[Your objective]
Reproduce the material below only from the line with "File:lady Gaga Judas 187.jpg" to the line with "Occhiali da sole neri", both included, keeping each line exact and dropping the pictures.

[Entries supplied]
################

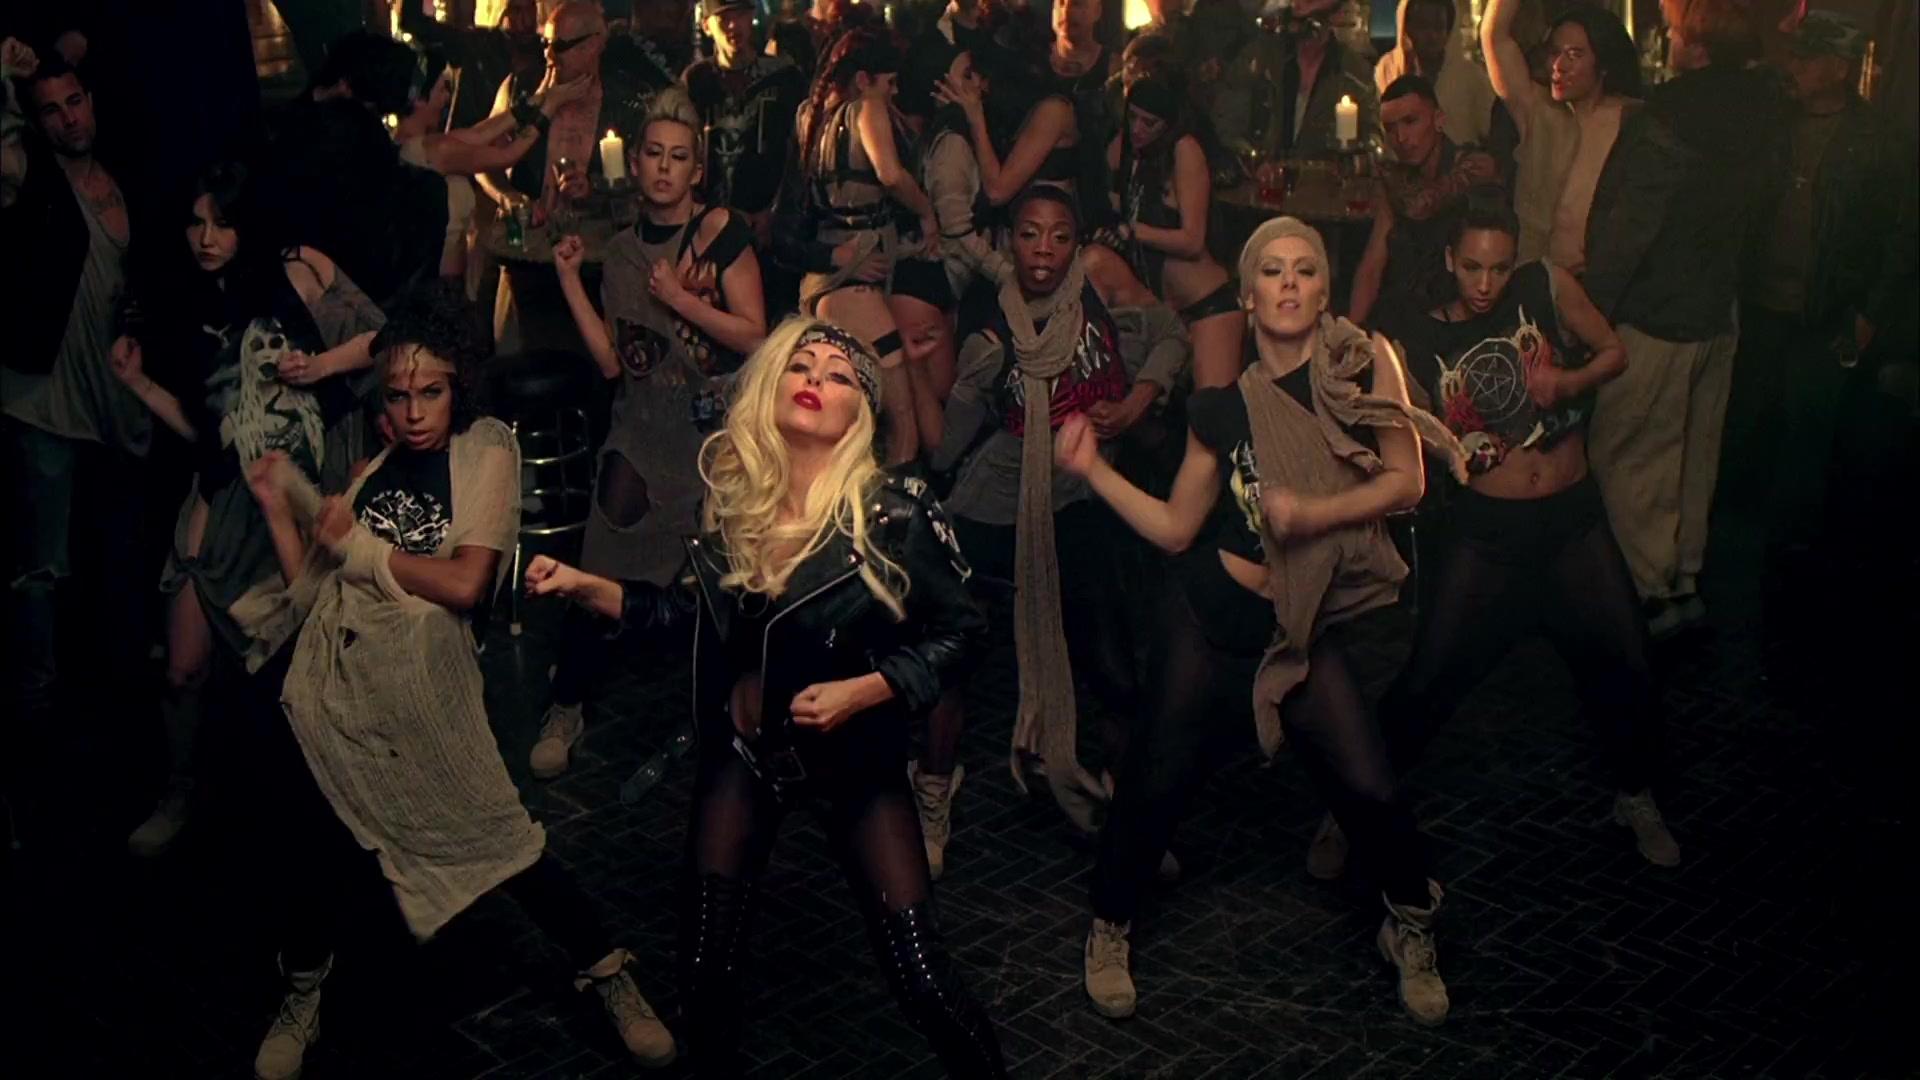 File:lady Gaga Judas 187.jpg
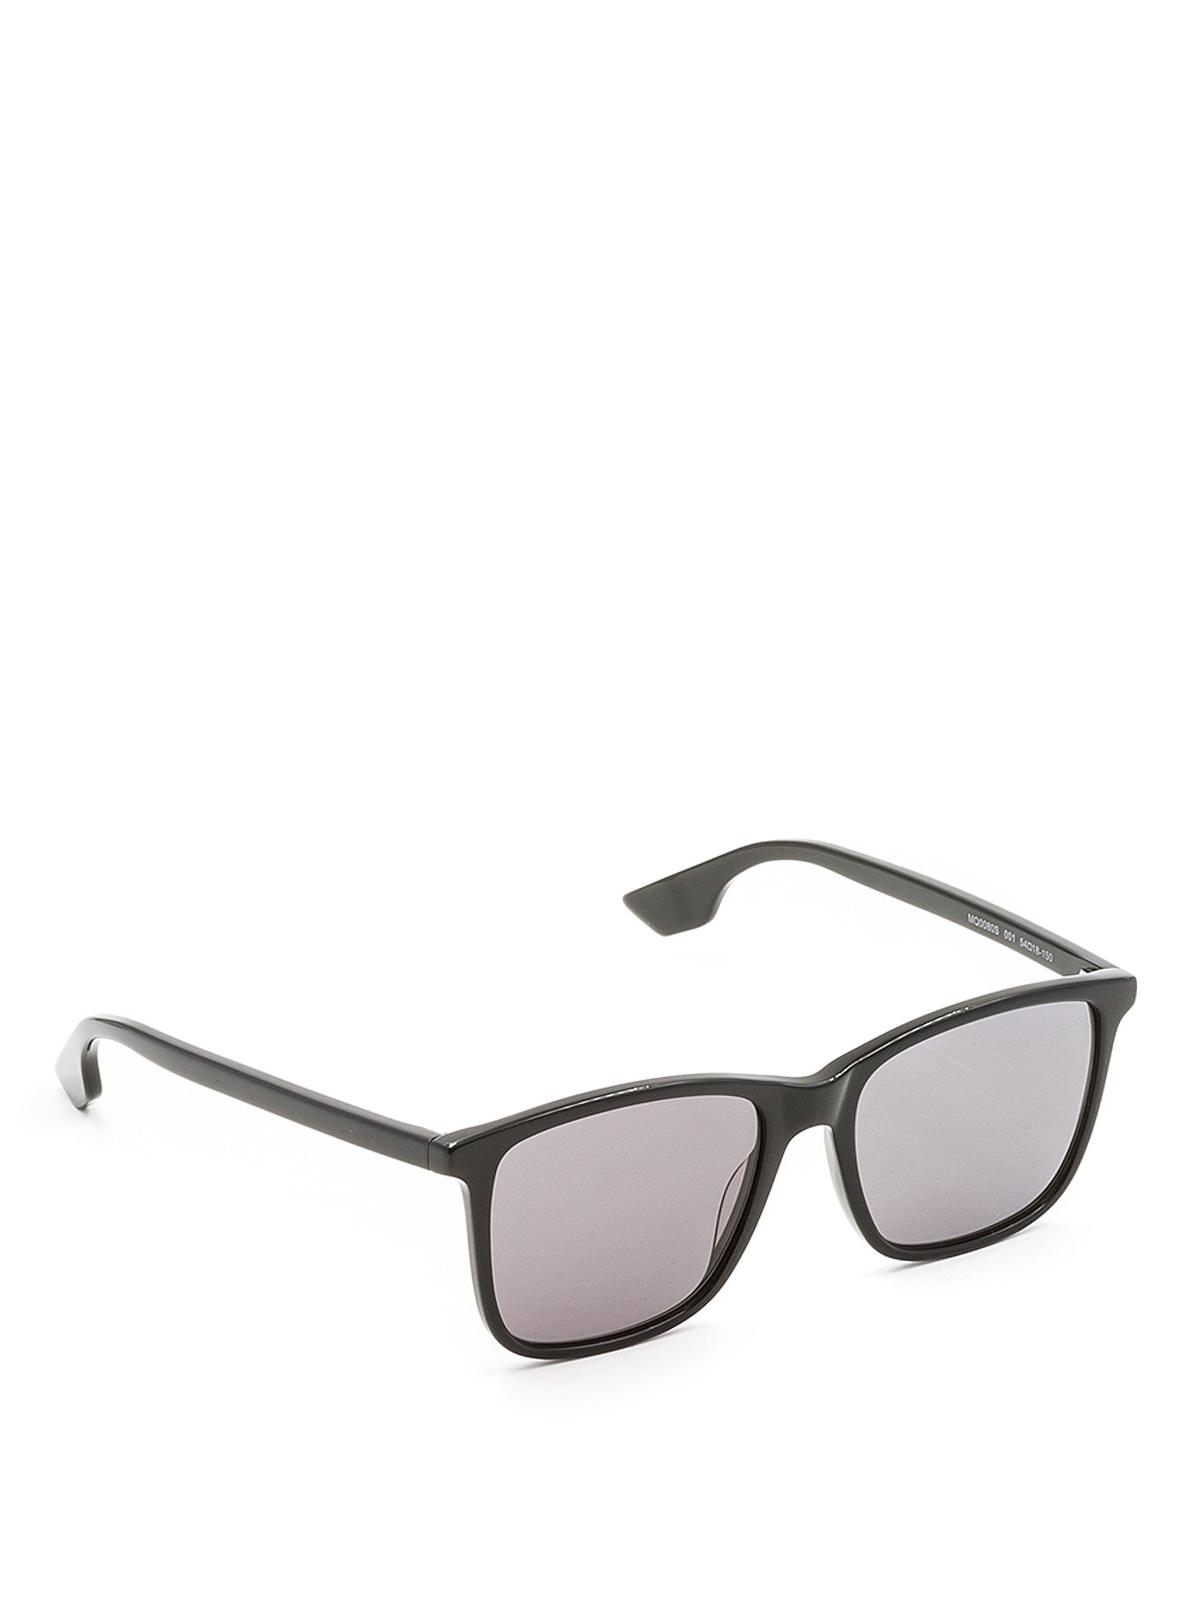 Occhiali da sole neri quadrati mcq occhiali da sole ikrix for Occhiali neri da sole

################

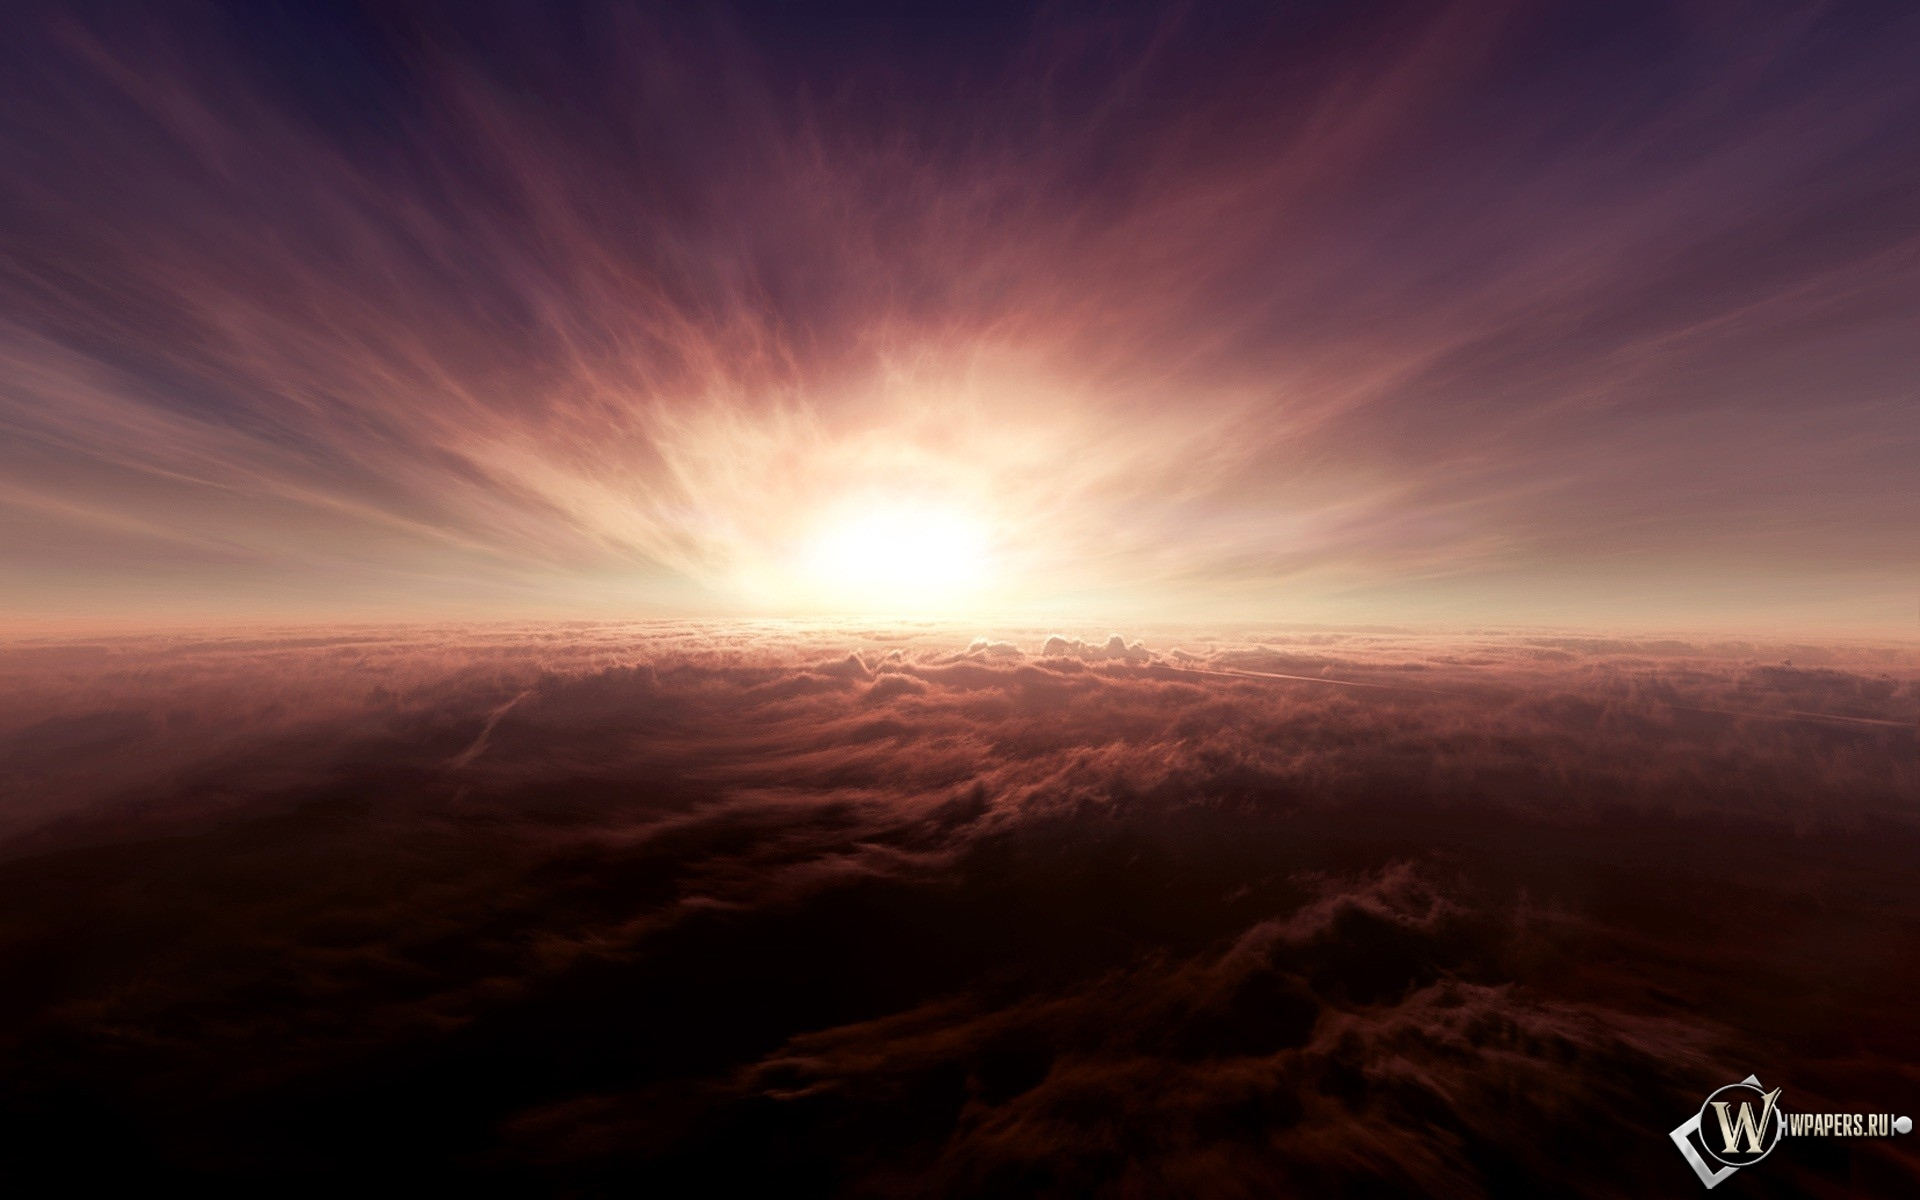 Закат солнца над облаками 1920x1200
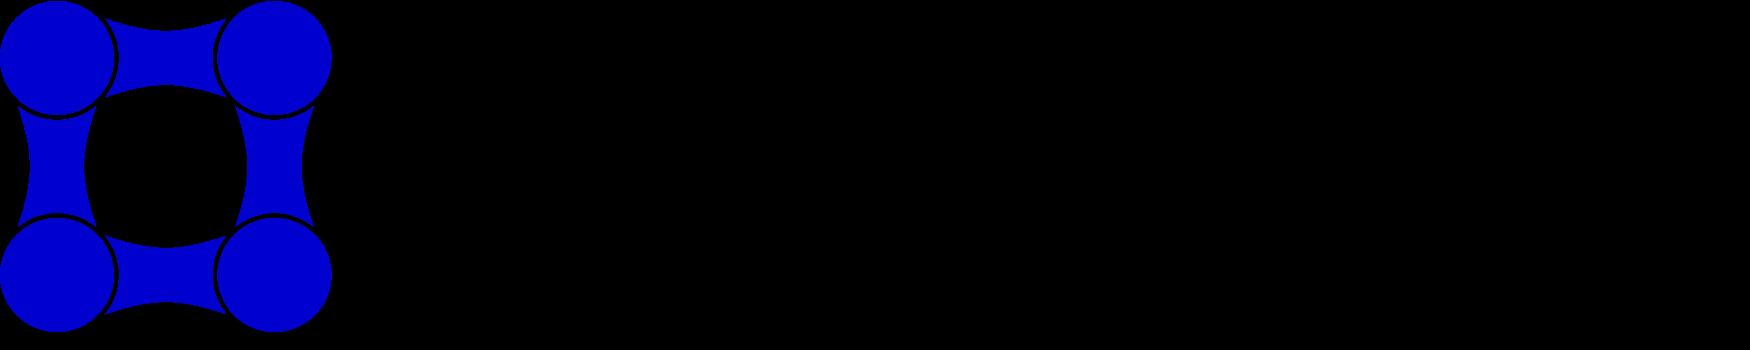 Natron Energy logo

################

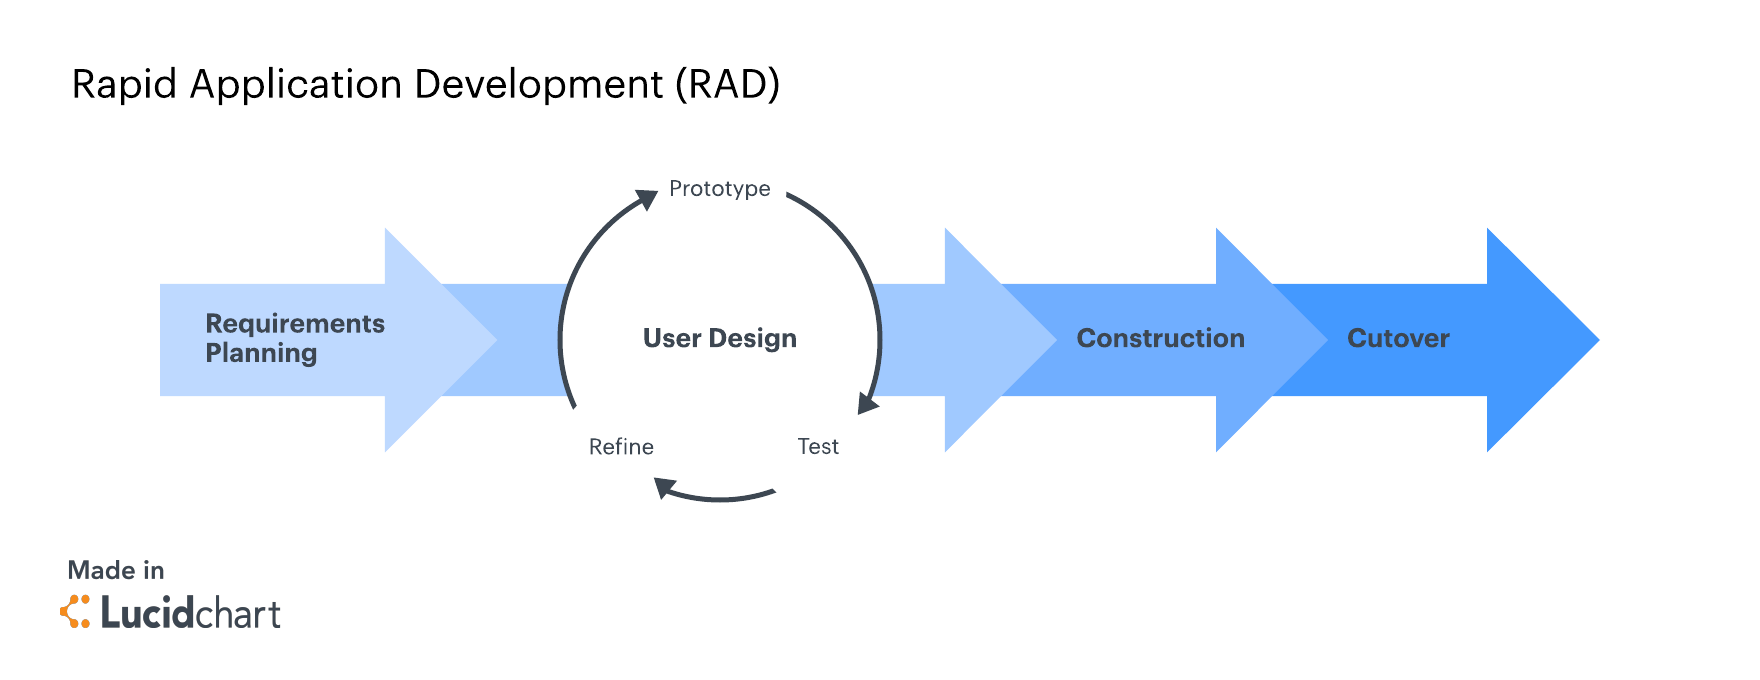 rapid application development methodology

################

[Answer space]
 File:lady Gaga Judas 187.jpg
 Occhiali da sole neri quadrati mcq occhiali da sole ikrix for Occhiali neri da sole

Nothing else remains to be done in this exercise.